**Data records**
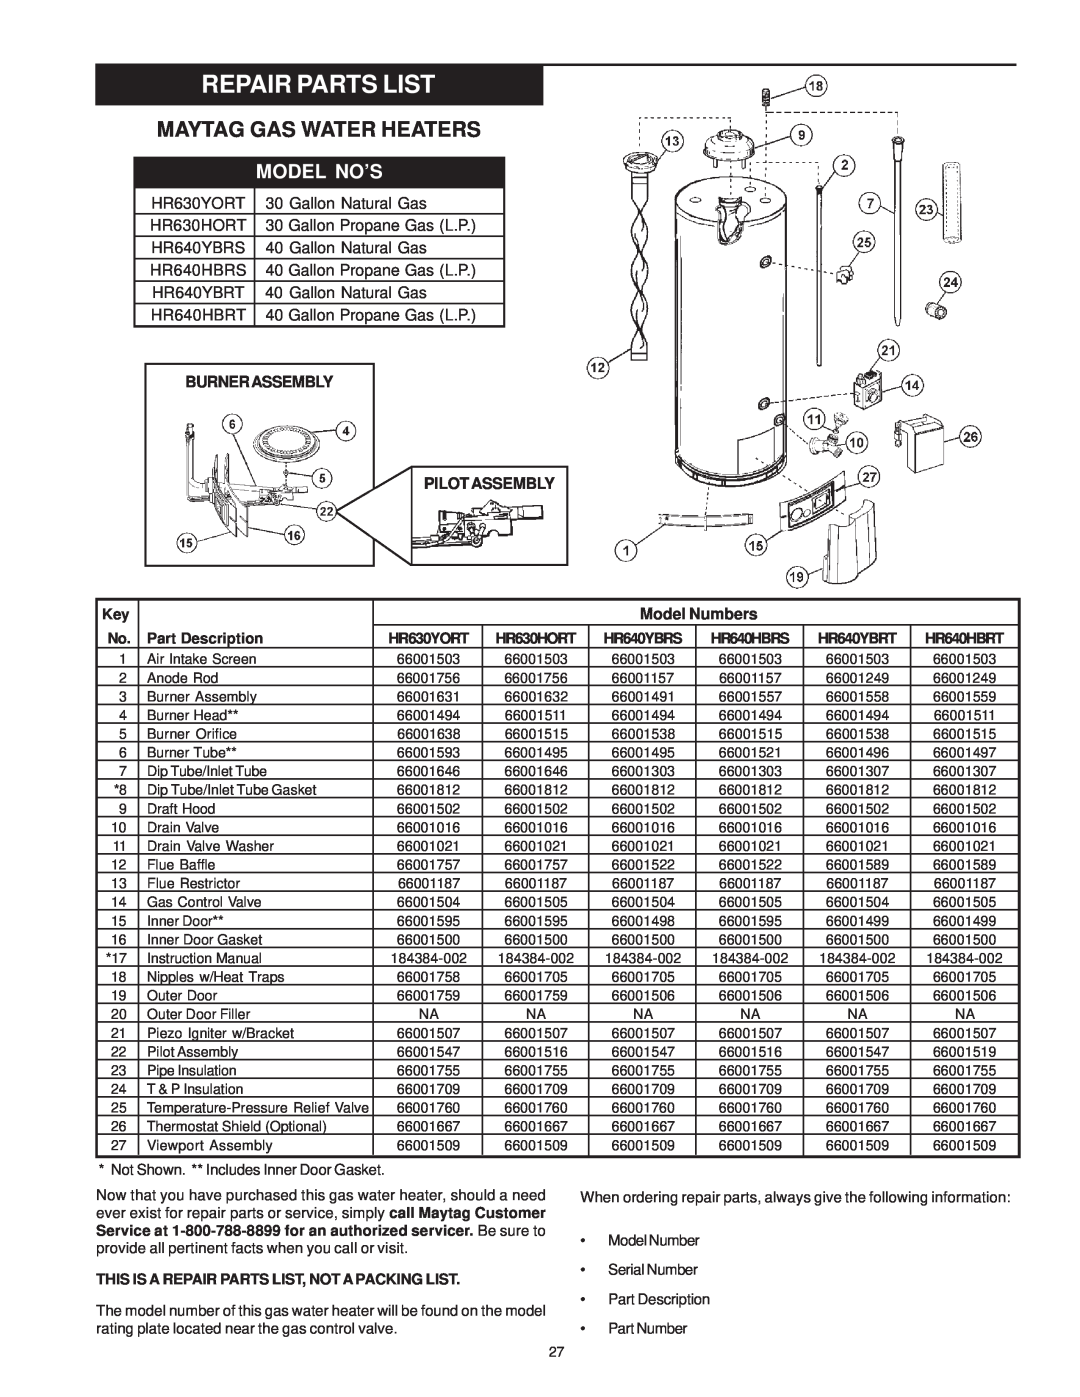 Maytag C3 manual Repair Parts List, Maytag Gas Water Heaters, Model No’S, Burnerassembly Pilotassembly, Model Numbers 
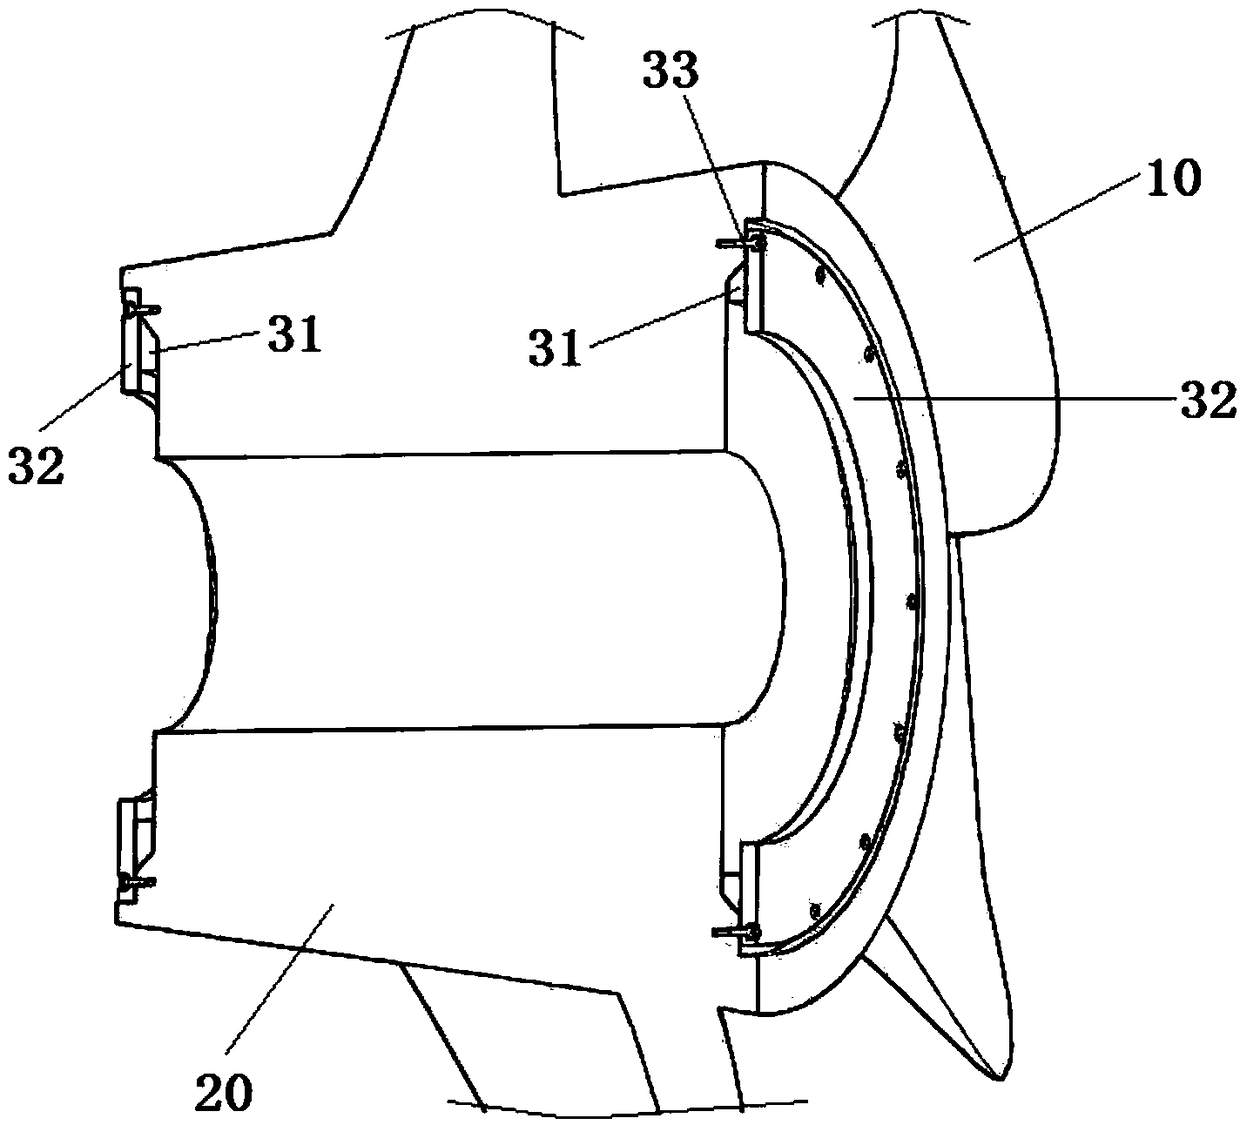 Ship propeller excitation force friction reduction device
--
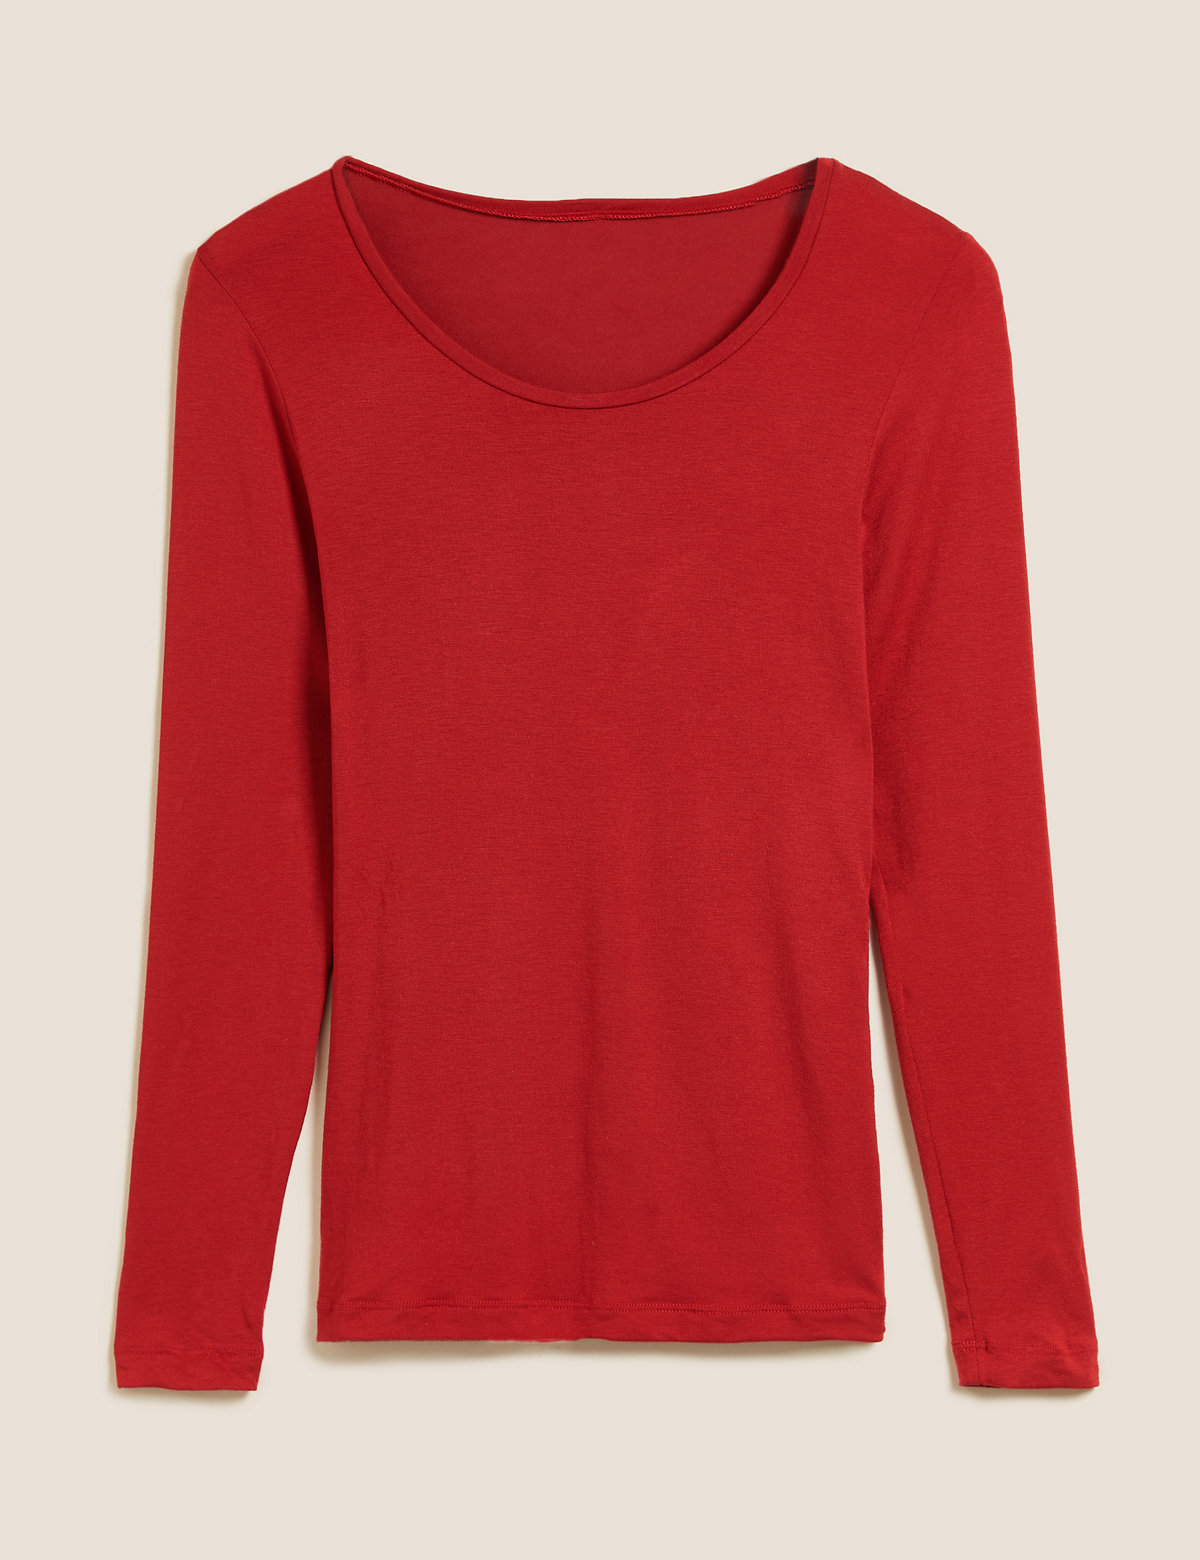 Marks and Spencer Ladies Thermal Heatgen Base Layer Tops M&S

**Exercise goal**
Would you copy the lines above exactly, starting with the one that has "Maytag C3 manual" and ending with the one that has "Ship propeller excitation", both included, without the pictures?

**Result below**
 Maytag C3 manual Repair Parts List, Maytag Gas Water Heaters, Model No’S, Burnerassembly Pilotassembly, Model Numbers 
 Ship propeller excitation force friction reduction device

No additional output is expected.